The next day, Anne Wojcicki posted a longer note on the 23andMe blog (with some of the same wording used in the customer email today). She was adamant that 23andMe data are accurate, but also conciliatory toward FDA. “We… acknowledge that we are behind schedule with our responses,” she writes. “The relationship with the FDA remains critically important to 23andMe.” 
The problem that many people have with 23andMe’s behavior is summed up by Wojcicki in her post. She acknowledged that this is new territory for FDA: 
“This makes the regulatory process with the FDA important because the work we are doing with the agency will help lay the groundwork for what other companies in this new industry do in the future. It will also provide important reassurance to the public that the process and science behind the service meet the rigorous standards required by those entrusted with the public’s safety.”
If it’s so important, why isn’t 23andMe participating?
John Wilbanks sees 23andMe’s long silent treatment toward the FDA as a reflection on the strength of their data. With hundreds of thousands of gene panels performed, 23andMe has gathered more information than anyone on how genetic variants relate to human health. If they have refused to engage with the FDA, he posits, their tests are either so well validated that the company expects to emerge victorious from a confrontation, or so poorly validated they can’t afford to expose their data to the public eye.
Wilbanks worries that the latter is the case. They’ve framed themselves as a daring company, he says. “But they’re going after the FDA with this strategy. And if you come at the king, you best not miss.”
If the company has been stalling, they’ve been busy while doing so. Since May, when the FDA says 23andMe stopped communicating, Wojcicki announced that the company had dropped the price of genotyping to $99 in hopes of getting one million customers by the end of the year and enabling “really truly disruptive” research. In August, the company launched a television marketing campaign.
“This sounds as though 23andMe started down the FDA path but, six months ago, not only stopped communicating with the agency but started new and bigger marketing efforts. That sounds as though 23andMe did not just ignore the FDA, but, while walking briskly past it, quickly turned and spat in its face,” said Hank Greely in a blog for Stanford’s Center for the Law and the Biosciences. 
Greely seeks to discern what role the FDA sees for itself in regulating direct-to-consumer (DTC) genetic tests. “The FDA thinks it can and should regulate, to some extent, those tests,” he points out, noting also that difficult-to-achieve clinical validation seems to be key to passing muster with the agency. But he also says the FDA has been promising a draft guidance on genetic tests for months, and hasn’t delivered. 

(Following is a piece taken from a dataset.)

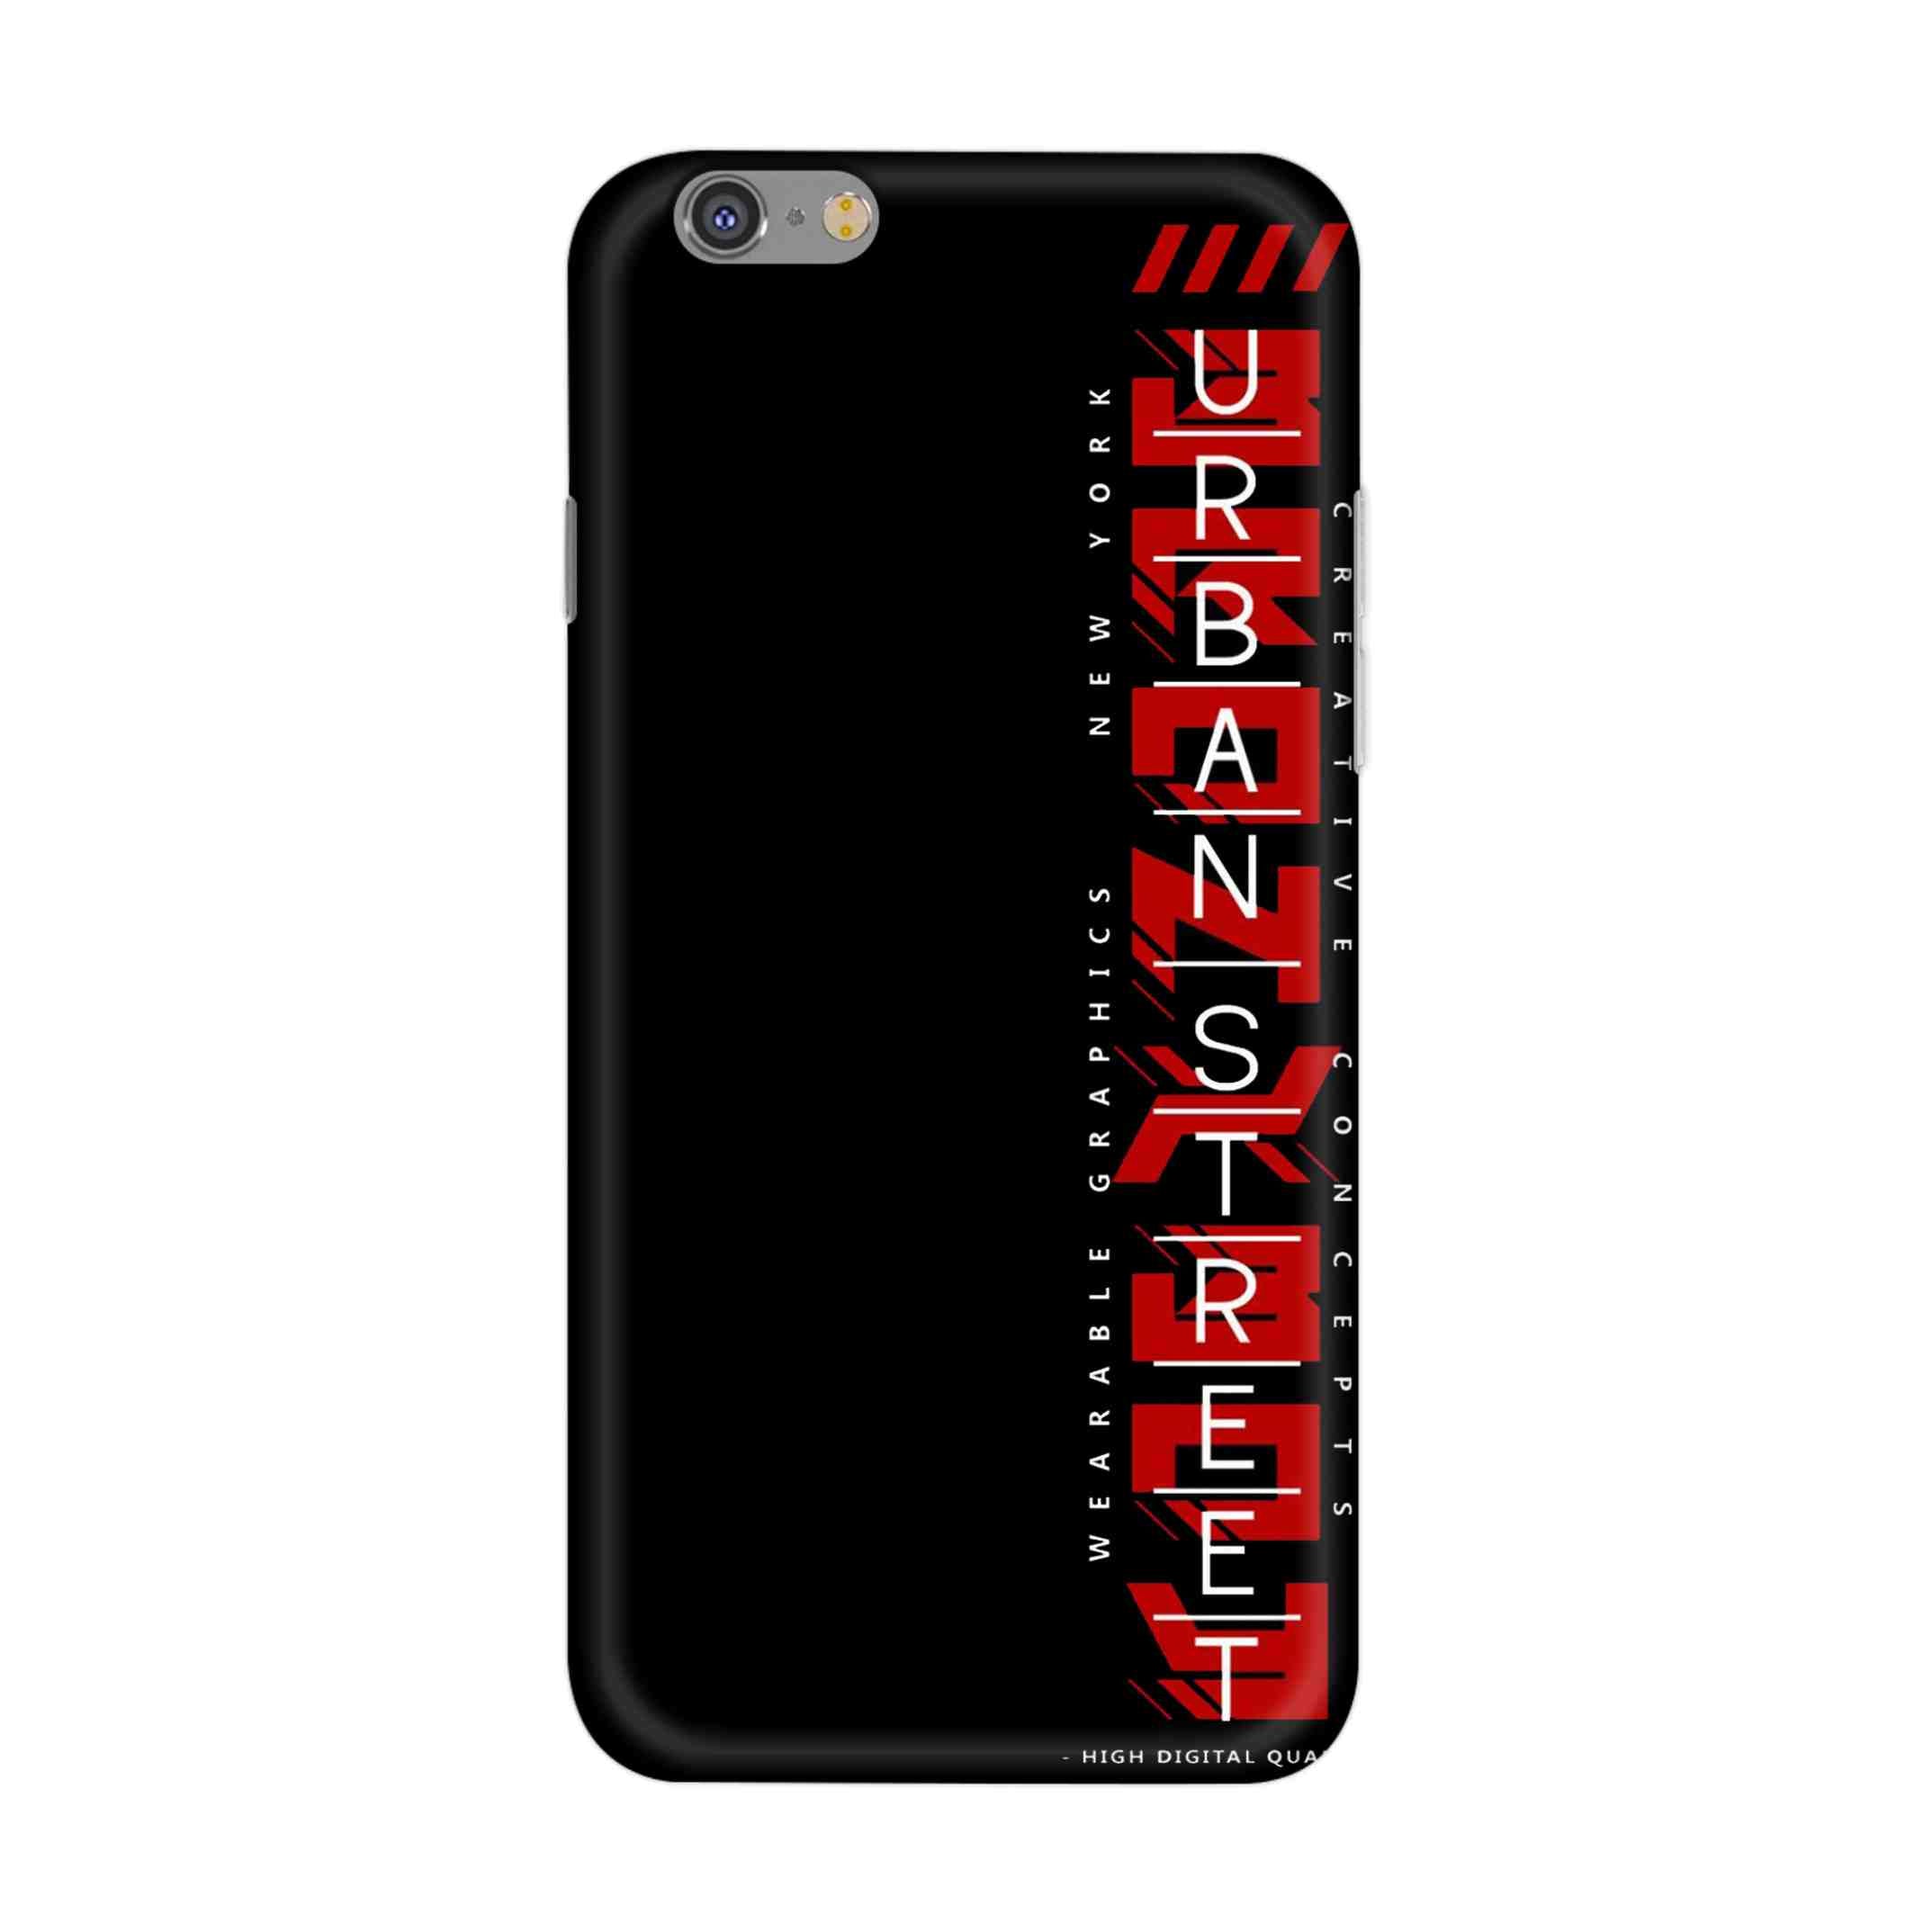 Buy Urban Street Hard Back Mobile Phone Case/Cover For iPhone 6 Plus / 6s Plus Online

He highlights FDA’s approval of Illumina’s clinical sequencing platform, MiSeq Dx, and cystic fibrosis tests—just days before the letter to 23andMe—as proof that the future is in clinical sequencing, and the DTC SNP chip era is ending. 
If DTC isn’t dead, Michael Eisen takes a step back from this regulatory action to interrogate the ideal role for FDA in the DTC genetic testing market. Eisen (a 23andMe advisor) starts from the principle that people have a right to access and understand their own genomes. He points out that 23andMe is filling the vital niche of interpreting genetic data for those who lack the skill to interpret it themselves. 
Since consumers generally have no way of fact-checking those interpretations, he says, “it is vital that the FDA protect consumers… by monitoring genetic information that is provided by [companies].” That said, the standards of medical devices are probably too strict for today’s genetic testing services, as human genetics are simply not well enough understood to deliver clinically validated reports. Eisen calls for a middle ground for honest reporting with regulatory oversight.